Calvary Cemetery & Ozone Park
10:00am

Spend your final day in central Queens, which is full of literary inspiration. Dissident Gardens by Jonathan Lethem is largely based on Sunnyside Gardens, a community in the Sunnyside neighborhood of Queens. On the border of Sunnyside is Calvary Cemetery, the largest cemetery in New York, famous for its view of the skyline that eerily mimics the gravestones over which it rises. And it’s the final resting place of Harlem Renaissance writer Claude McKay.

Jack Kerouac wrote his early books and plotted his early road trip for On the Road while living with his parents on the second floor of 133-01 Cross Bay Blvd in Ozone Park. He used to sit and write at GlenPatrick’s Pub, on the other side of the eight-lane Cross Bay Blvd.

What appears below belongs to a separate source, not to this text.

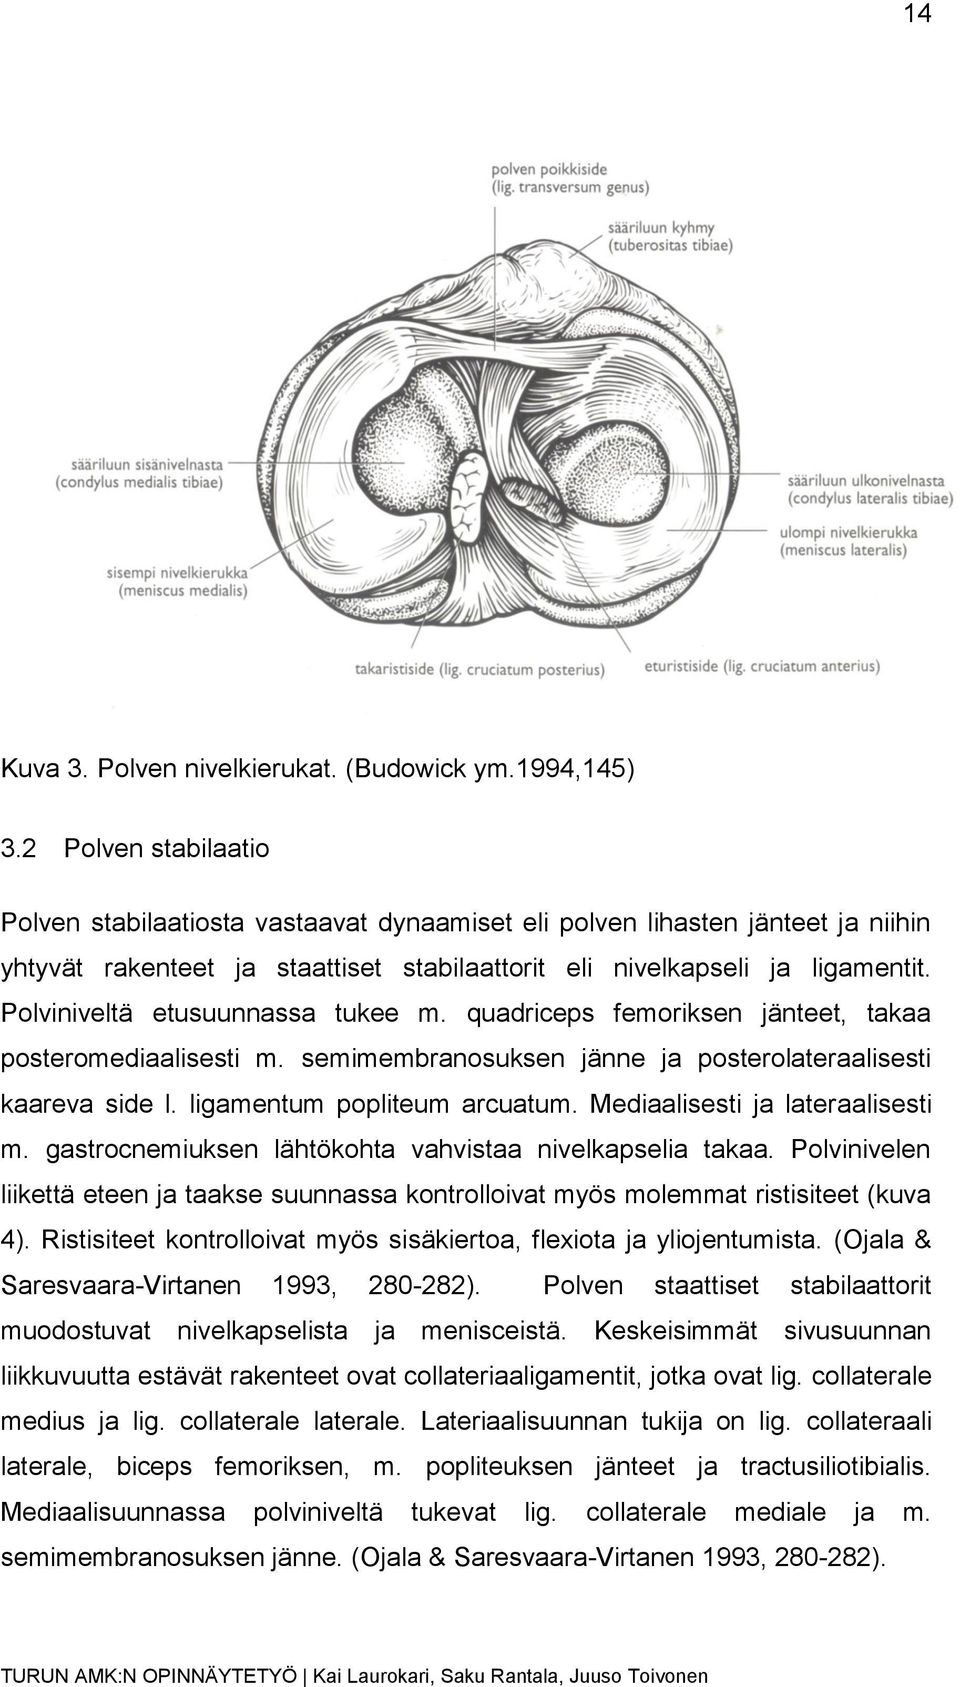 Polviniveltä etusuunnassa tukee m. quadriceps femoriksen jänteet, takaa posteromediaalisesti m. semimembranosuksen jänne ja posterolateraalisesti kaareva side l. ligamentum popliteum arcuatum.

Flushing Meadows Corona Park
11:00am

You can spend a whole weekend exploring Flushing Meadows Corona Park. In The Great Gatsby, Nick Carraway and Gatsby take a ride through the Valley of Ashes, where Tom Buchanan’s mistress owns an auto body shop. This industrial area is now Flushing Meadows Park and Citifield, which is still lined with auto body shops and junkyards. Inside Flushing Meadows Park is the Queens Museum, which holds a permanent exhibit of a warehouse-room-size, to-scale model of the five boroughs of New York City. It’s something every Queens kid visits on a field trip, and it’s just as breathtaking every time you see it. Also inside the park is the Hall of Science, with countless hands-on science exhibits, and The Great Hall, part of the World’s Fair in 1963, was a building designed, with its 100-foot undulating walls, to make you feel as if you are floating in space.

Louis Armstrong House
12:00pm

A few blocks away in Corona is The Louis Armstrong House, which offers daily tours of his meticulously maintained home allowing you to see where he slept, sat, and what he saw out his window.  A short walk from there is the Langston Hughes library, which maintains the city’s largest collection of Black Heritage reading and reference collection, including the Langston Hughes Art Collection. The library, and all branches of the Queens Library, are constantly supportive of local authors, and regularly hold readings, classes, and events at all of their locations.

Kew Gardens
1:00pm

Further into Queens, on the R line, is Kew Gardens. Kew Gardens is home to the newest Queens bookstore, Kew & Willow. It’s a beautiful space with dedicated, book loving owners who used to work at the Barnes and Noble down the road in Forest Hills before it closed. A number of their clientele are older people who love books and have lived in the area for a long time. When I went in to visit, there were kids reading in the children’s area and a number of people browsing the shelves. One elderly woman pointed to a high shelf and explained to a worker, “I walk in and a book calls to me. See that one up there? It’s saying ‘Me, Me, Me!’”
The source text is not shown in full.